Jekyll would unfold it often and gaze at the words. There was something mesmerising about them, a kind of perfect truth. Anytime we read them, those words, they were true, and always would be. The line of ink swam with a kind of power. Hastie is dead.
Day after day, it was the same, except worse, pitching into the body and quelling the nausea, possessing the body and not wanting it. This was the worst part: I could feel no pleasure in physical existence anymore, no animal joy in having the body. It was just this aching, foul-smelling encumbrance. The instant I had control of it, Jekyll withdrew to the outer reaches beyond the barrier, and it was lonely and cold and frightening.
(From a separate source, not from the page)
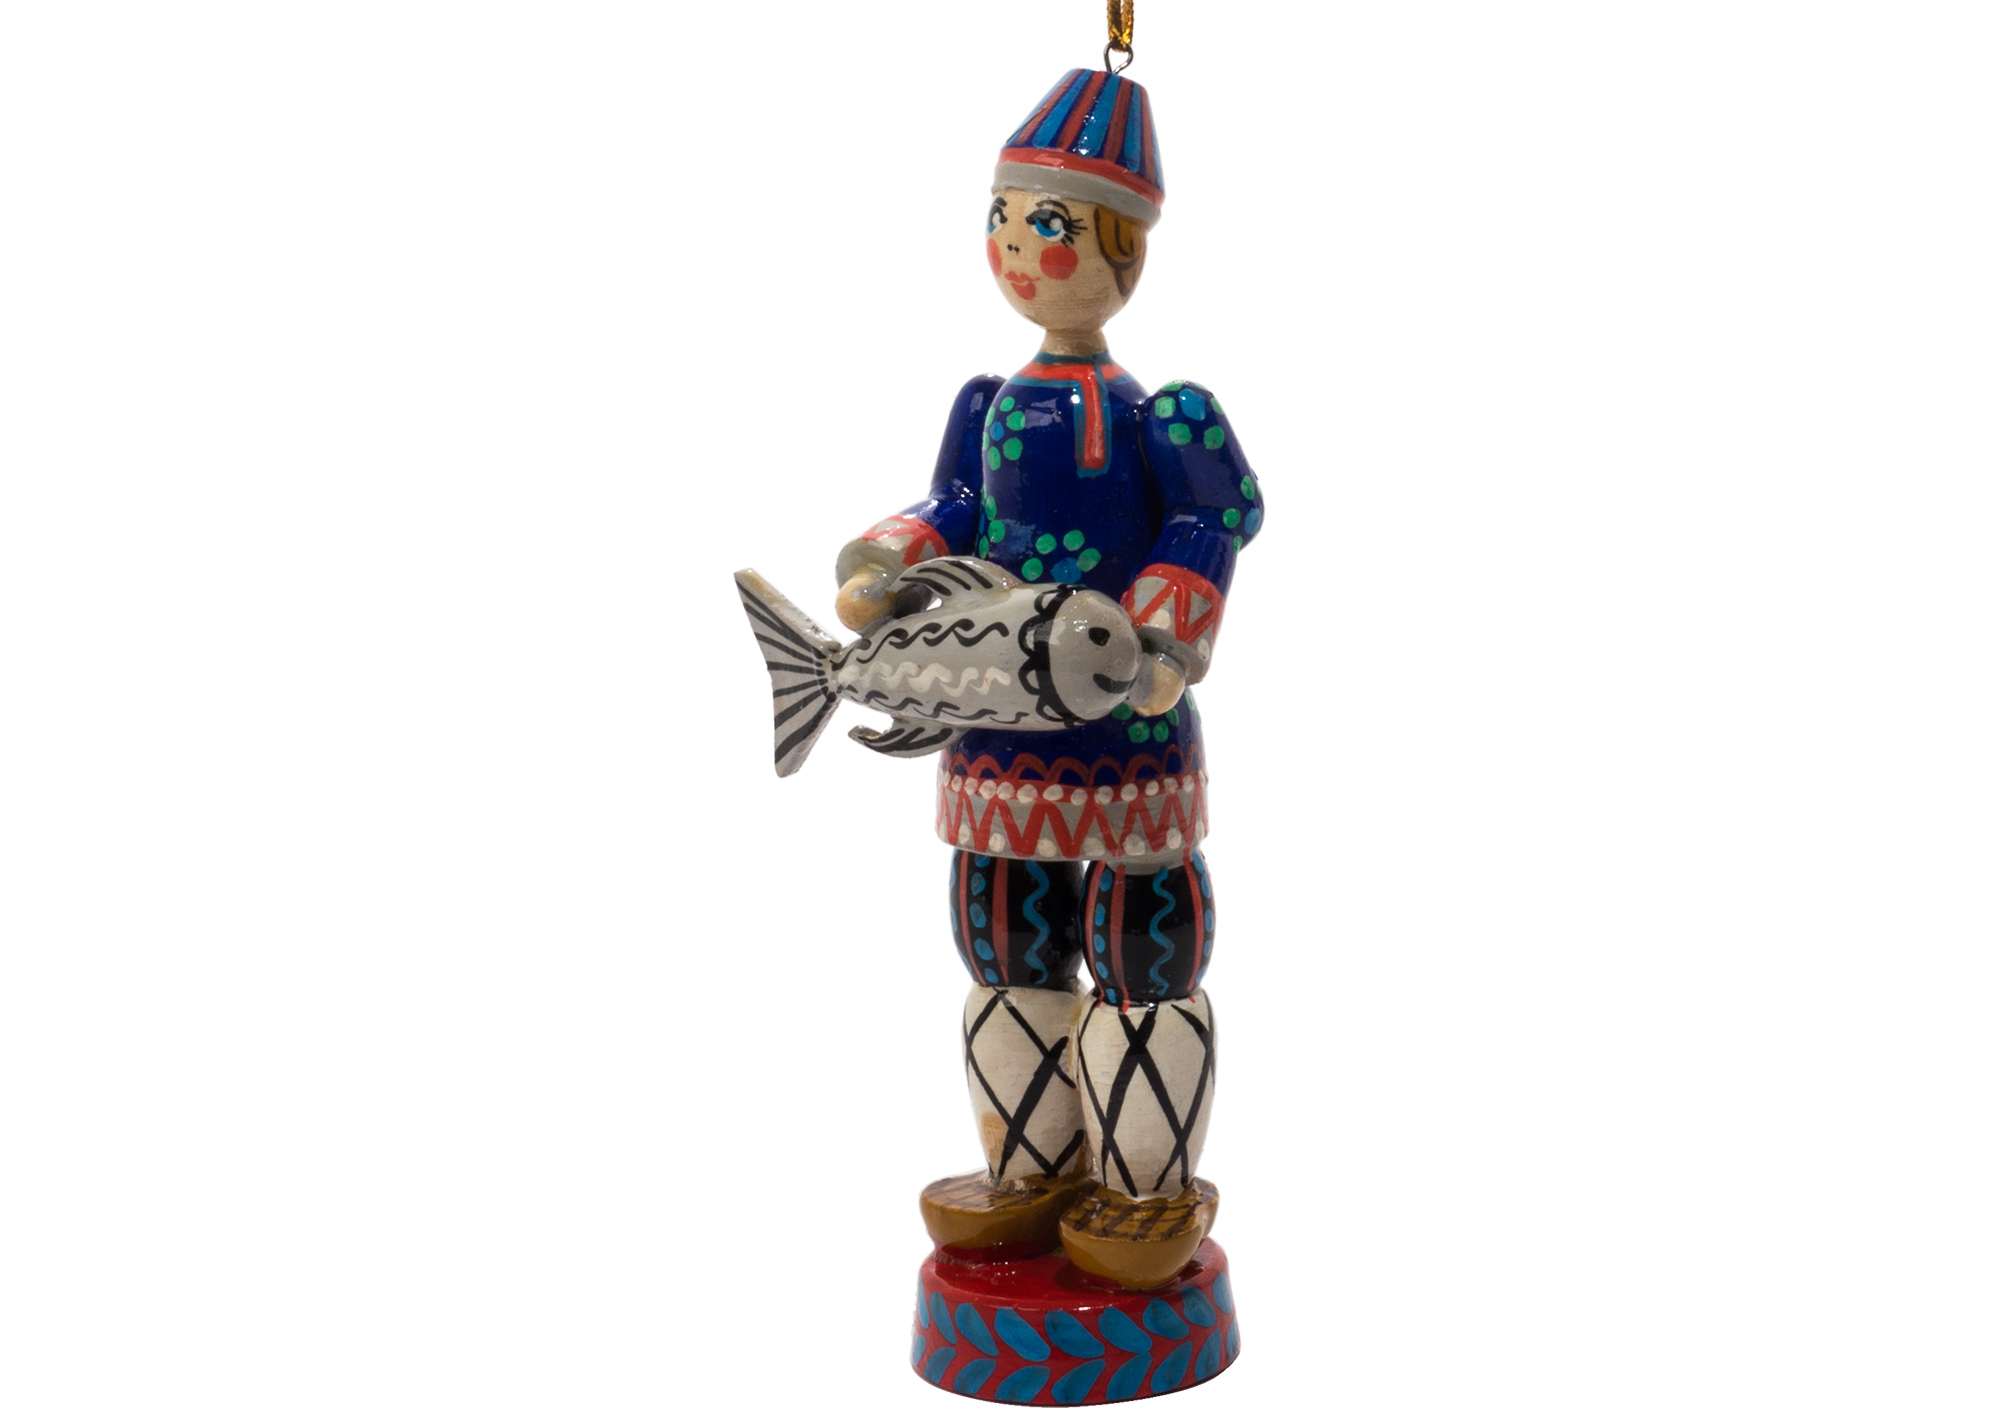 Buy Russian Folk Fisherman Ornament 5" at GoldenCockerel.com

For it felt like existence was being imposed upon me. Like I was being ejected helplessly into the body and the world for some specially prepared punishment. Which, of course, I was.
Jekyll waited until the last brick of the powder in the stoppered bottle was almost half gone, then he wrote to Maw’s. He was reading his Darwin book, that passage again, murmuring to himself the phrase encroach on and replace. He rose and went to the glazed press and opened E drawer, lifted out the bottle of powder, and tilted its remaining contents. He made a contemplative ticking sound with his tongue as he regarded all that was left of the six foil bricks he had shipped back from Paris. He carried the bottle to his writing desk and set it on the edge of the blotter, then sat and squared a sheet of paper and at last dashed off the letter to Maw’s that he should have written months before. It came out oddly cryptic. In March of 1883, he wrote, he had ordered a large quantity of a certain salt compound, of which he now wished a new supply. Would Messrs. Maw please send him a testable sample of the salt compound to be sure it is of the same efficacy?
Jekyll crept down and set the letter on the stairs, and that evening there was a brown envelope included on the dinner tray. From the envelope, he slid a brown-paper sachet and a note of compliments from Maw. Jekyll tipped the white powder from the sachet into the silver spoon until it was full, and then he overturned the spoon into a glass of the crimson liquor, which at once began to froth and boil. When it fizzled out, Jekyll held it to the light and frowned. I could see for myself: the colour did not look exactly right. The fluid was pale green and transparent—yet, while I couldn’t say if it was too light or too dark, it seemed a shade off. Jekyll sucked the serum into a syringe, which he set in the Milward box in the upper groove pointing left. Then he prepared the other needle with the old powder in the stoppered bottle. The two syringes lay in their beds pointing in opposite directions, and for a while Jekyll scrutinised the glass barrels, comparing their colour.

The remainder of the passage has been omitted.